A wide range of symptoms are reported by patients at the clinical onset of the disease. Jaundice, abdominal pain, usually mild, symptoms secondary to pancreatic exocrine and endocrine insufficiency (weight loss, diabetes), and persistent elevation of serum levels of pancreatic enzymes may be observed in AIP patients. In a few cases AIP is discovered incidentally by US or other imaging techniques performed without an indication for a pancreatic disorder.

On the basis of imaging, these patients can be divided in those with focal involvement of the pancreas and those with diffuse enlargement of the pancreatic gland[12]. In the case of focal AIP, particularly in the presence of a low-density pancreatic mass, the clinical challenge is to exclude pancreatic cancer and correctly diagnose AIP. Therefore, focal and diffuse types AIP should be strictly separated, since the problem of differential diagnosis with pancreatic cancer involves only focal AIP.

Diffuse AIP may be confused with acute pancreatitis. The clinical picture of diffuse AIP, however, differs from those observed in acute pancreatitis. In AIP, pain, if present, is mild, no risk factors for pancreatitis (biliary lithiasis, alcohol) are present, a persistent increase in serum pancreatic enzymes may be observed, jaundice is caused by enlargement of the pancreas without the presence of a mass, with a stricture on the intrapancreatic tract of the common bile duct. Since pancreatic necrosis has never been described in AIP, the differential diagnosis should be with oedematous pancreatitis. This can be achieved through imaging, since the radiologic features of AIP are different from those observed in acute oedematous pancreatitis.

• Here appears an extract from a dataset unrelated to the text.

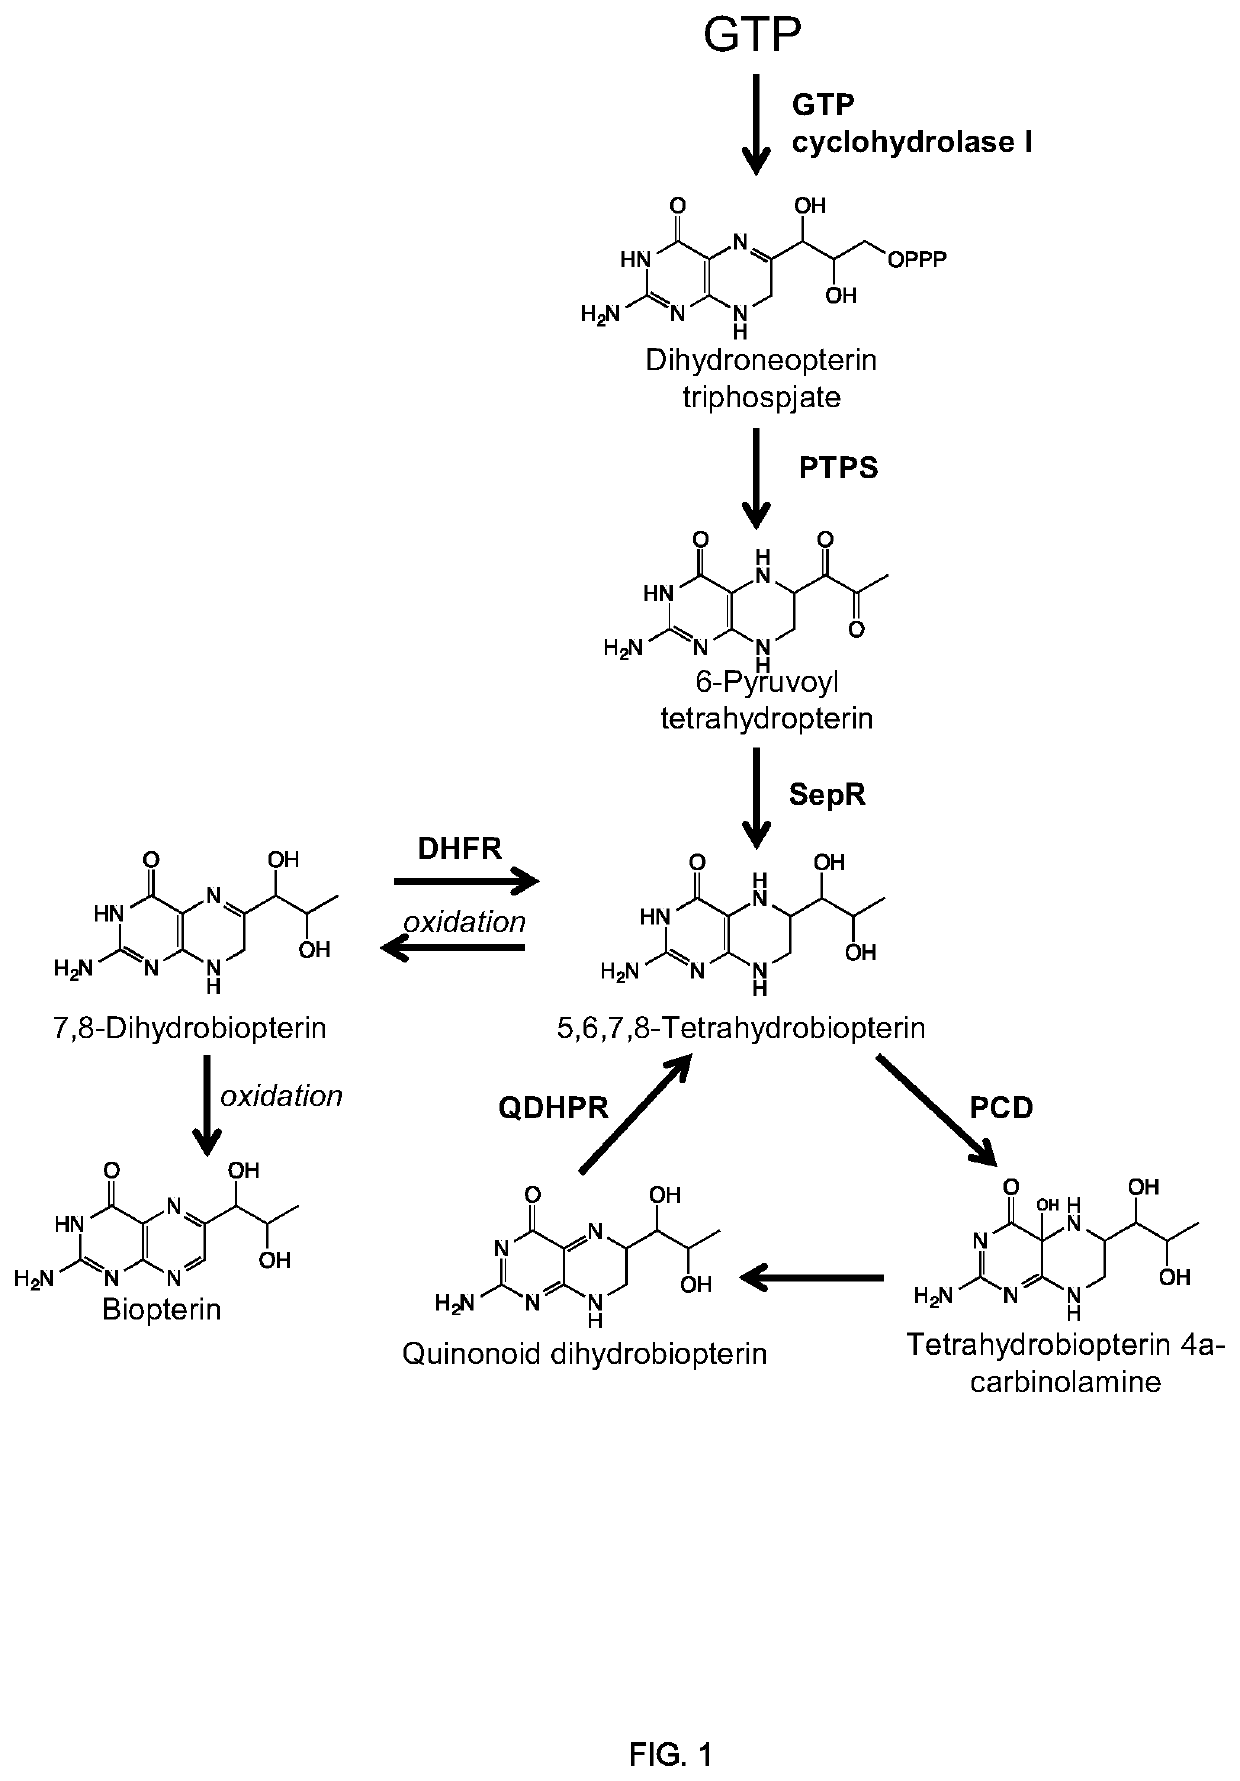 Methods of producing nor-opioid and nal-opioid benzylisoquinoline alkaloids

Hypodensity of the pancreas in arterial phase and the absence of a peripancreatic strand appear to differentiate AIP from acute oedematous pancreatitis, where the pancreatic gland shows normal perfusion and the peripancreatic strand is a common radiological picture (personal unpublished data). We do not suggest pancreatic biopsy in diffuse AIP. The diagnosis may be definitely made after treatment with steroids, which produces complete disappearance of the pancreatic changes.

In the diffuse form associated with jaundice secondary to a common bile duct stricture, a diagnosis of cholangiocarcinoma should be considered and, if necessary, ruled out before steroid therapy through ERCP with biliary biopsies and/or intraductal biliary ultrasonography.

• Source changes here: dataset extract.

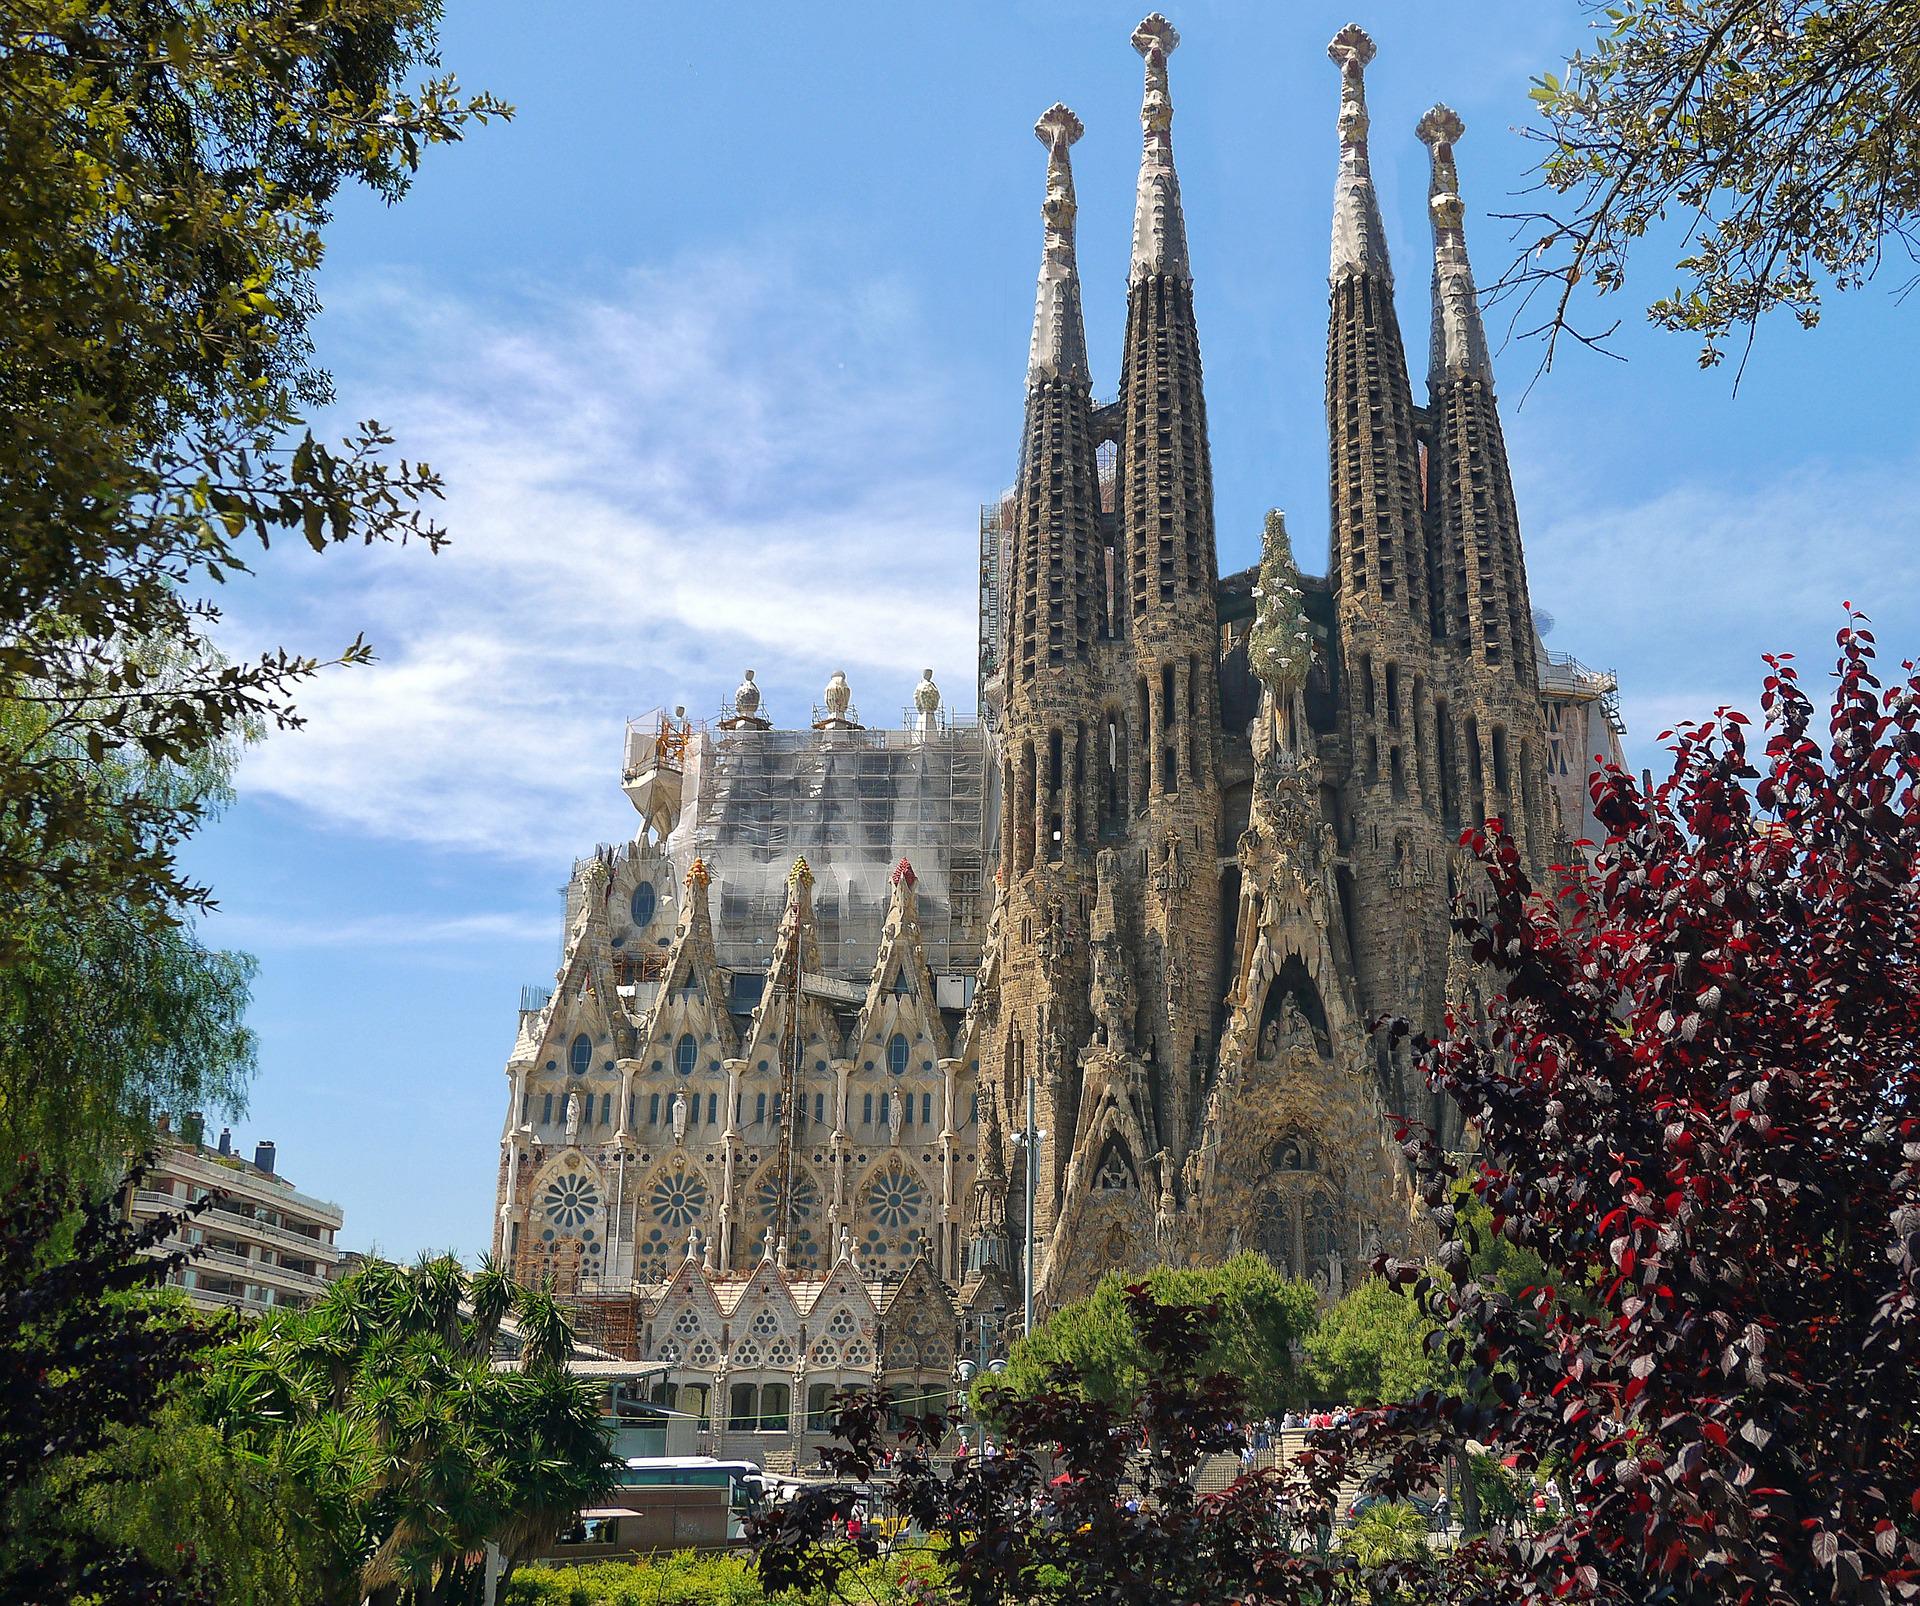 Die Sagrada Familia in Barcelona

In the focal form, particularly in the presence of a low-density pancreatic mass at imaging, the first diagnostic goal is to exclude pancreatic cancer, even if the presence of clinical (young age, other organ involvement), radiological (perfusion of the pancreatic mass suggestive of inflammation, no or mild dilation of the main pancreatic duct) and serological (high level of IgG4, presence of autoantibodies, low serum levels of Ca 19-9) findings are suggestive of AIP. Therefore, pancreatic biopsy is mandatory, preferably EUS-guided, first of all to exclude neoplasia and possibly to confirm the diagnosis of AIP.

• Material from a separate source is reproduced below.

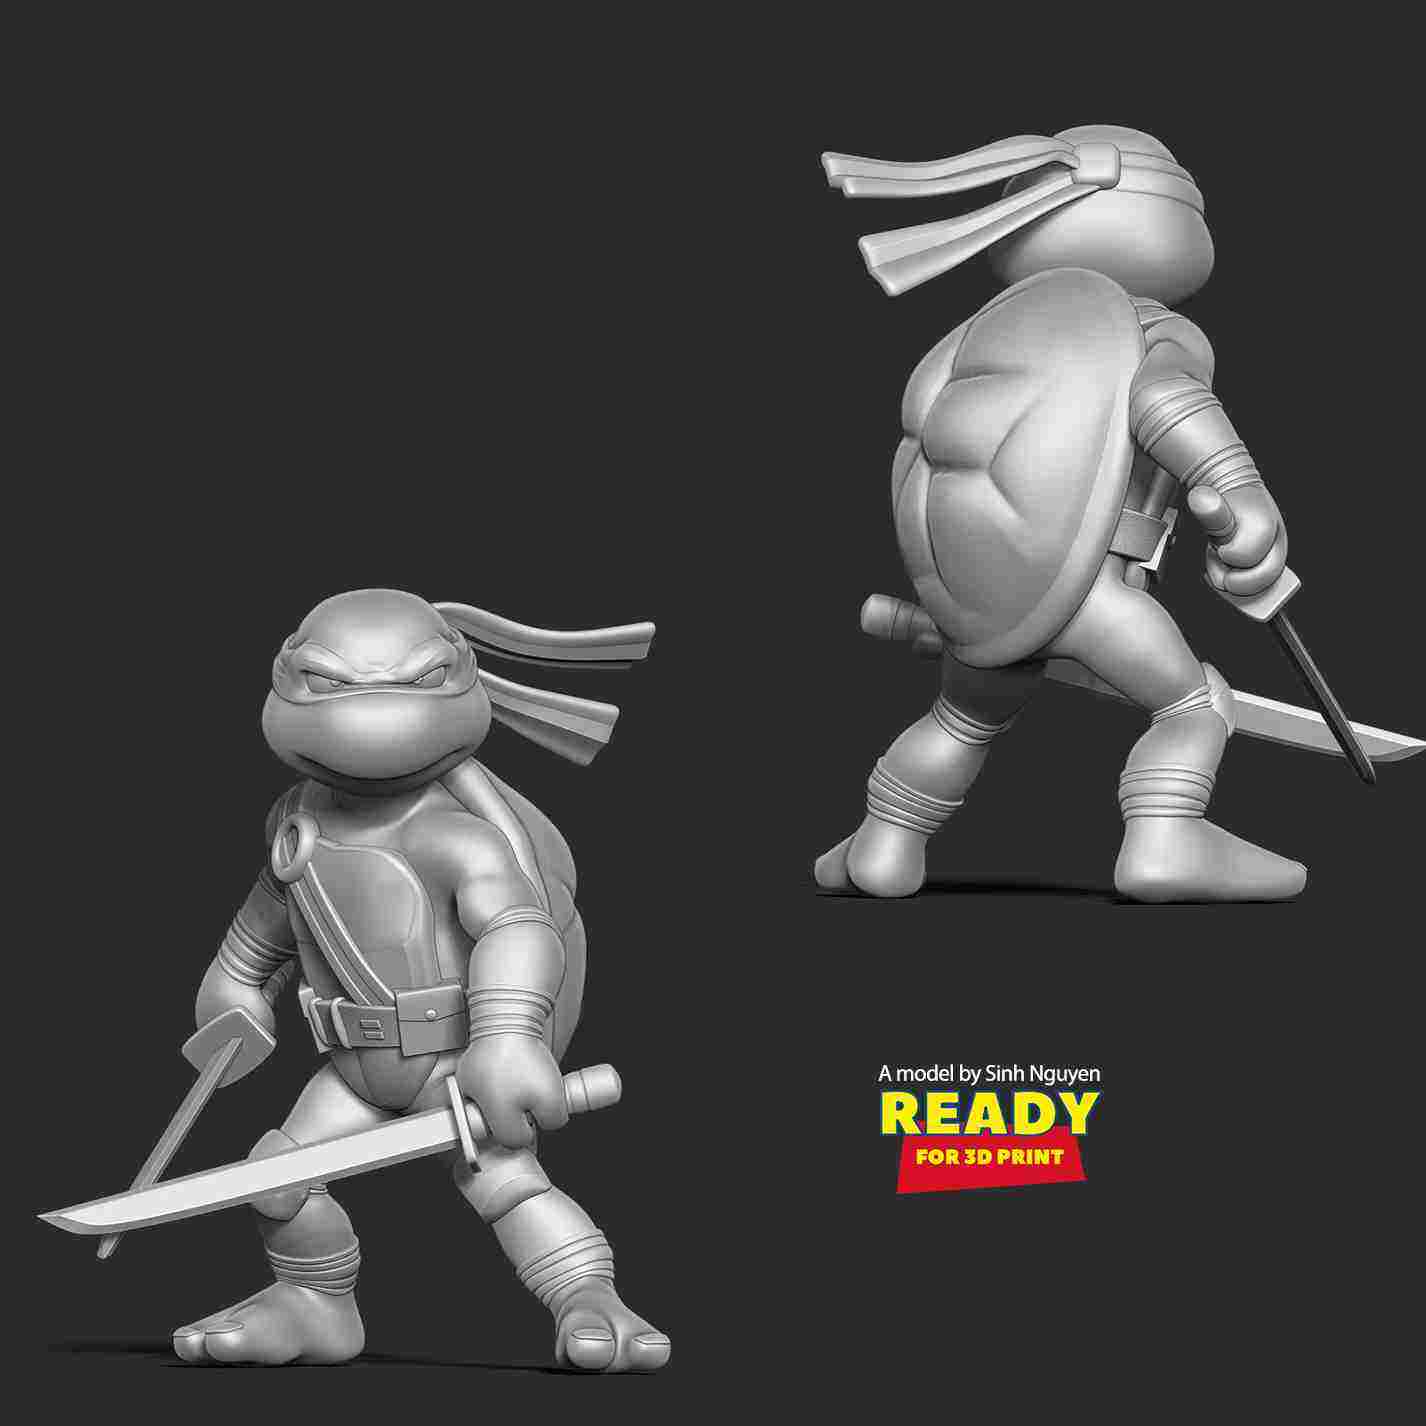 Leonardo - Teenage Mutant Ninja Turtles | 3D models download | Creality ...

If pancreatic biopsy confirms the diagnosis of AIP, a 3 wk steroid treatment is indicated. The diagnosis of AIP is final in the presence of a significant clinical and radiological response. Since significant improvement/resolution of jaundice is an indication of response to steroid therapy, biliary stenting is not recommended, unless serum bilirubin levels are very high.

If pancreatic biopsy is only suggestive of AIP or non diagnostic, a careful evaluation of HISORt criteria is necessary to decide whether the patient should be treated with steroids or undergo resective surgery. The decision is actually a challenge and should be made in experienced centres only, because it requires expert clinicians, radiologists, pathologists and surgeons. After a complete or significant response to steroid therapy, a definitive diagnosis of AIP may be made.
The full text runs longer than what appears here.